Results and Discussion

Decomposing mouse data into HMEC components

First, we decomposed the 14 mouse tumors into the available five classes of HMEC samples. To do this, we construct a C matrix, where each column consists of the class-means of the five perturbation classes represented in the HMEC samples (Myc, Ras, E2F3, Src, and BCatenin). It is unlikely that a perturbation will have an effect on all genes, causing many genes to be irrelevant with respect to a specific perturbation, consequently only contributing noise to the modeling problem. Therefore, we also applied a feature selection step on the HMEC data. We were most interested in genes that distinguish one of the HMEC classes from the other four. Therefore we ranked, for each of the classes, the genes based on their ability to discriminate between that class and the remaining classes. We employed the absolute signal to noise ratio (SNR) as ranking criterion. Next, we selected the top n genes for each of the five ranked lists, and then took the union of these five lists. Of course, alternative feature selection procedures can be employed, but they are beyond the scope of the current analysis. Using the set of genes selected in the feature selection step, and each of the mouse samples as target in y, we applied each of the four decomposition variants, U, P, S, and L (see methods section). After applying the models, we assign each mouse sample to the HMEC class which has the highest absolute w i . Since we know the mutation status of the mouse samples, we can compare the class assignment from the different variants to the known mutation status. To evaluate the predictive accuracy we only employed the three classes in the mouse dataset for which an equivalent class is present in the HMEC data. Therefore, we used the classes Myc, Ras and E2F3 (which is equivalent to Rb-null in mice), from the mouse data.

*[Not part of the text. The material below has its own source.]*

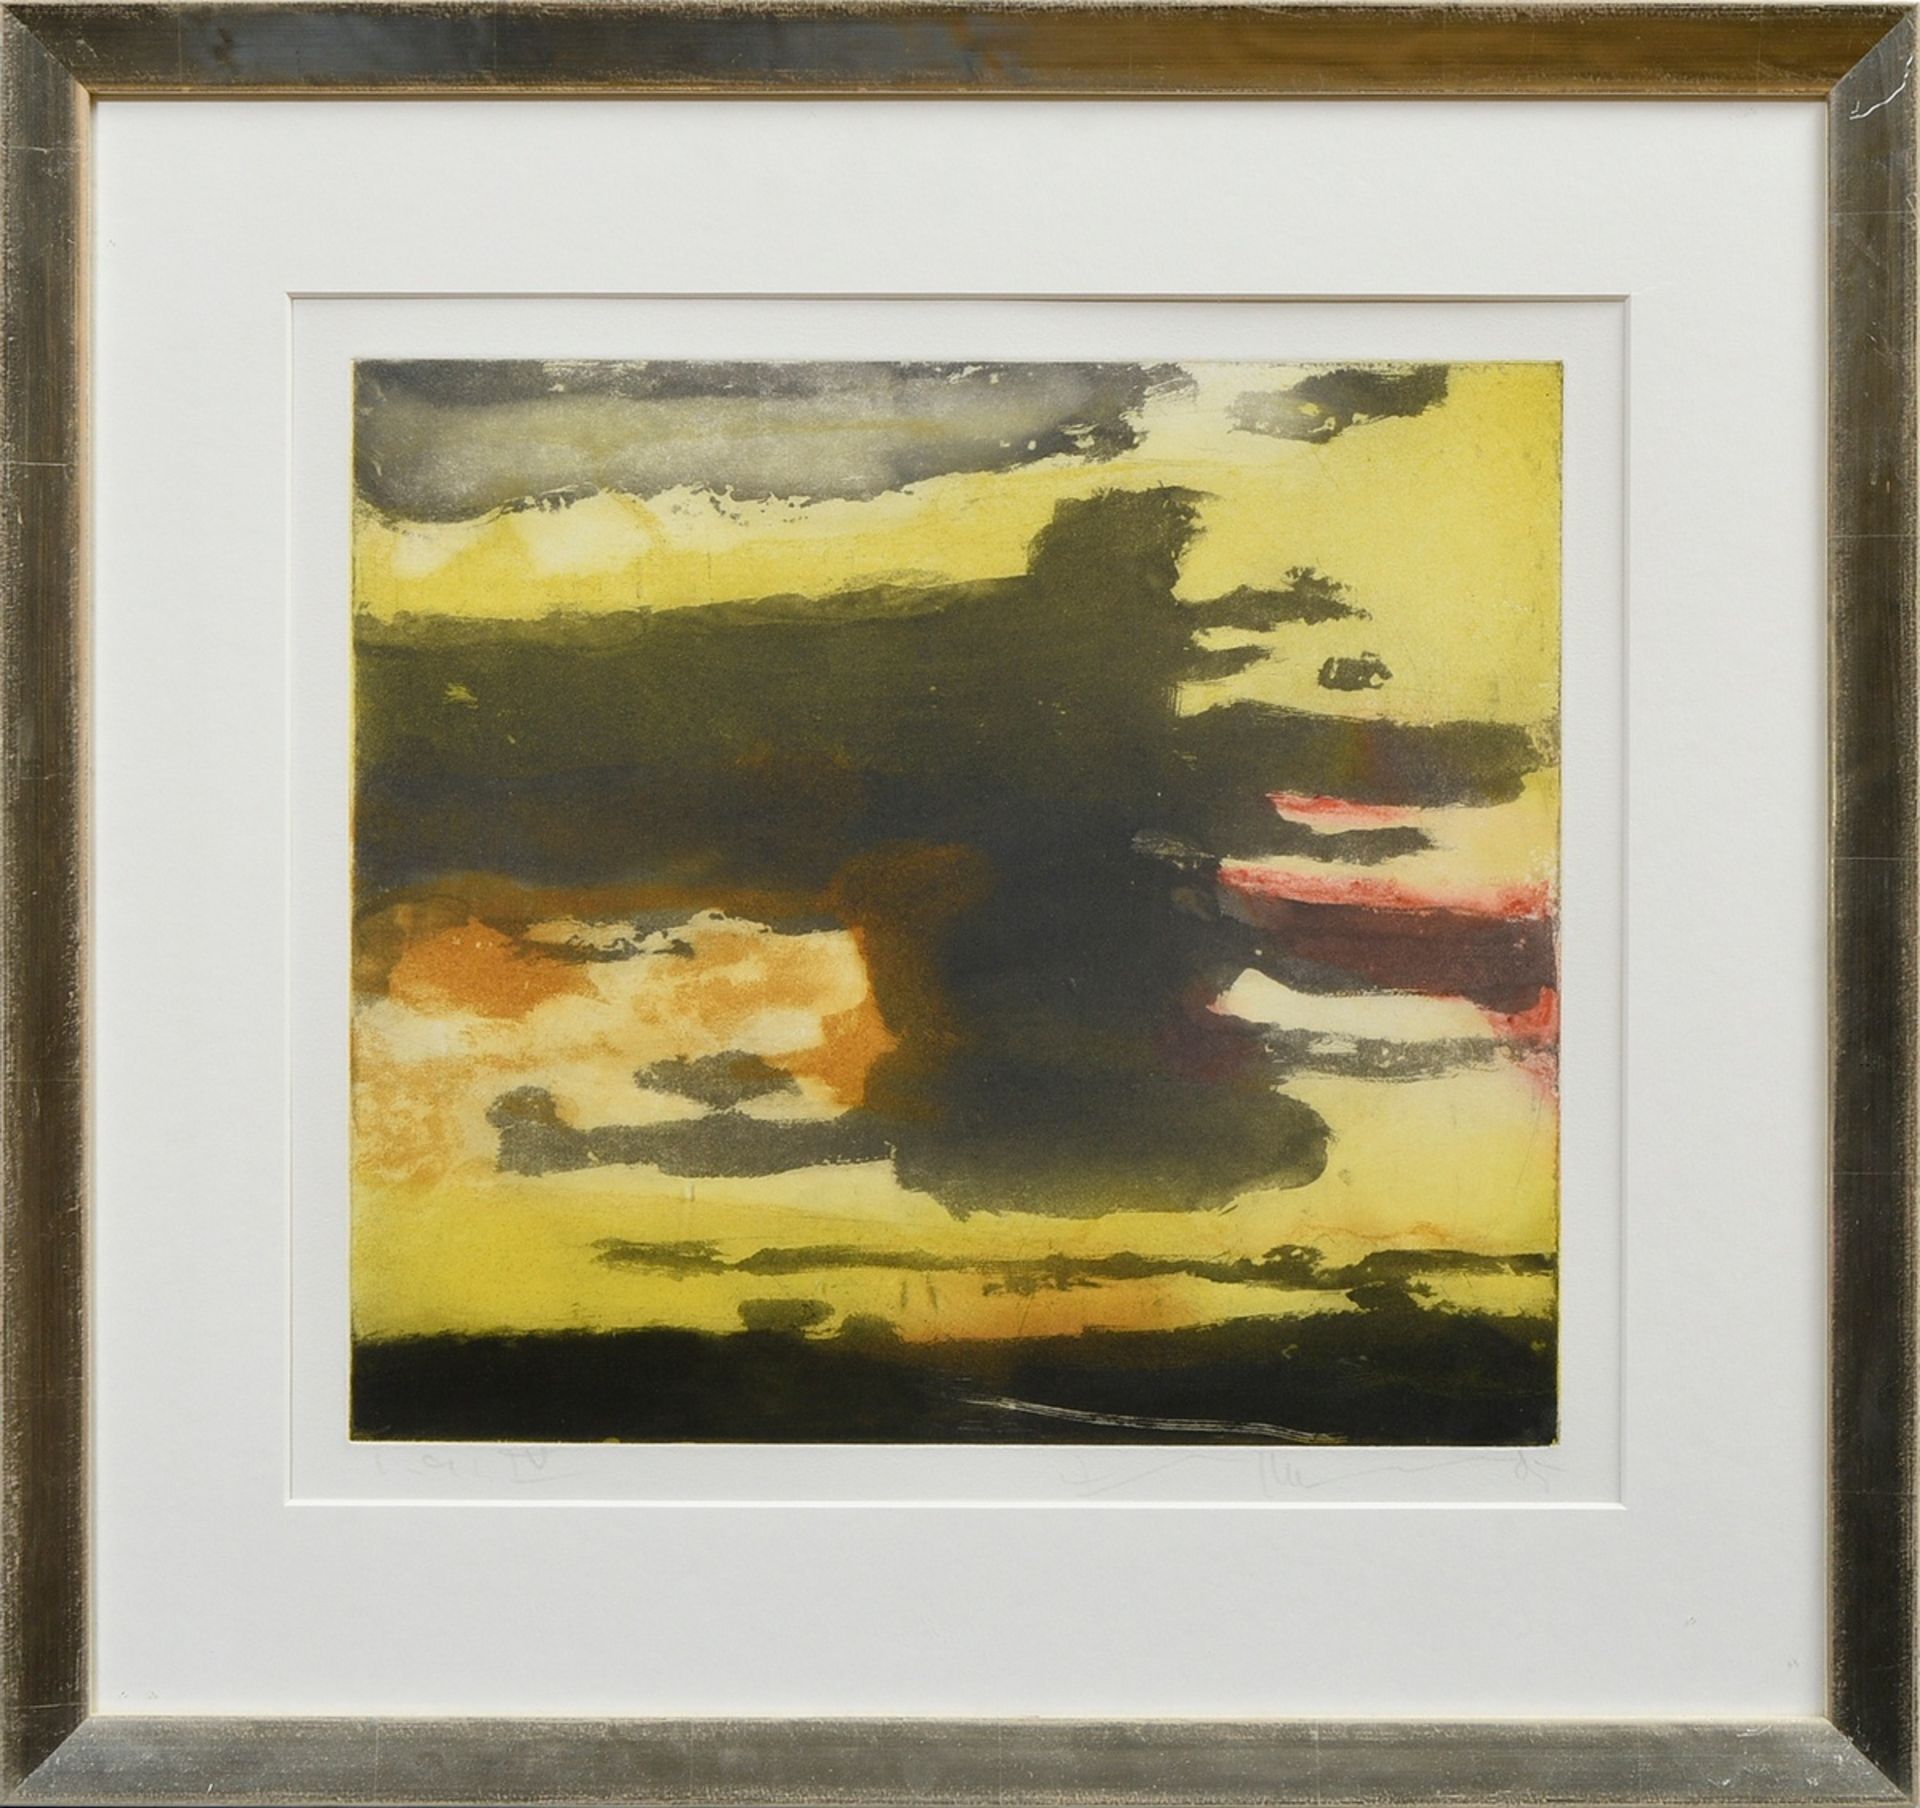 Fussmann, Klaus (*1938) "Sunset" 1985, colour etching, e.a./IV, b. sign./num./dat., PM 31,5x35,5cm - Image 2 of 3

Figure 3 shows heatmaps indicating the obtained w vectors for all 14 mouse samples, as obtained by each of the four decomposition variants.

Figure 3
figure 3

Results on HMEC-Mouse data. Heatmaps showing the w vectors for the decomposition of the mouse samples into the HMEC classes. The four heatmaps correspond to the four decomposition variants, U, P, S, and L, as indicated above each of the heatmaps. Each heatmap lists the 14 mouse samples along the x-axis, and the five HMEC classes along the y-axis. The heatmap reflects the w vectors that were obtained by decomposing each mouse sample separately. Each column contains one cross, indicating the largest absolute weight in that particular w vector, and thus the class assignment for that particular mouse sample. These solutions correspond to the case where the union of top 70 most differentiating genes for the separate one-versus-rest HMEC class comparisons are employed to represent the HMEC classes.

The w vectors found using the U variant have both positive and negative weights. Several mouse samples are incorrectly classified, most notably the Ras samples, which are all incorrect (i.e. their largest w i , indicated by crosses in Figure 3, does not correspond to the RAS HMEC class). Next, in the P variant, where all weights are constrained to be positive, all w vectors are almost identical for all mouse samples. This is a clear disadvantage, since no clear distinction between the mouse samples is made. For this variant, classification of the E2F3 samples turns out to be most difficult. Constraining all weights to sum to one (variant S), results in a distinctly different set of w vectors, but in terms of performance it is equal to variant P.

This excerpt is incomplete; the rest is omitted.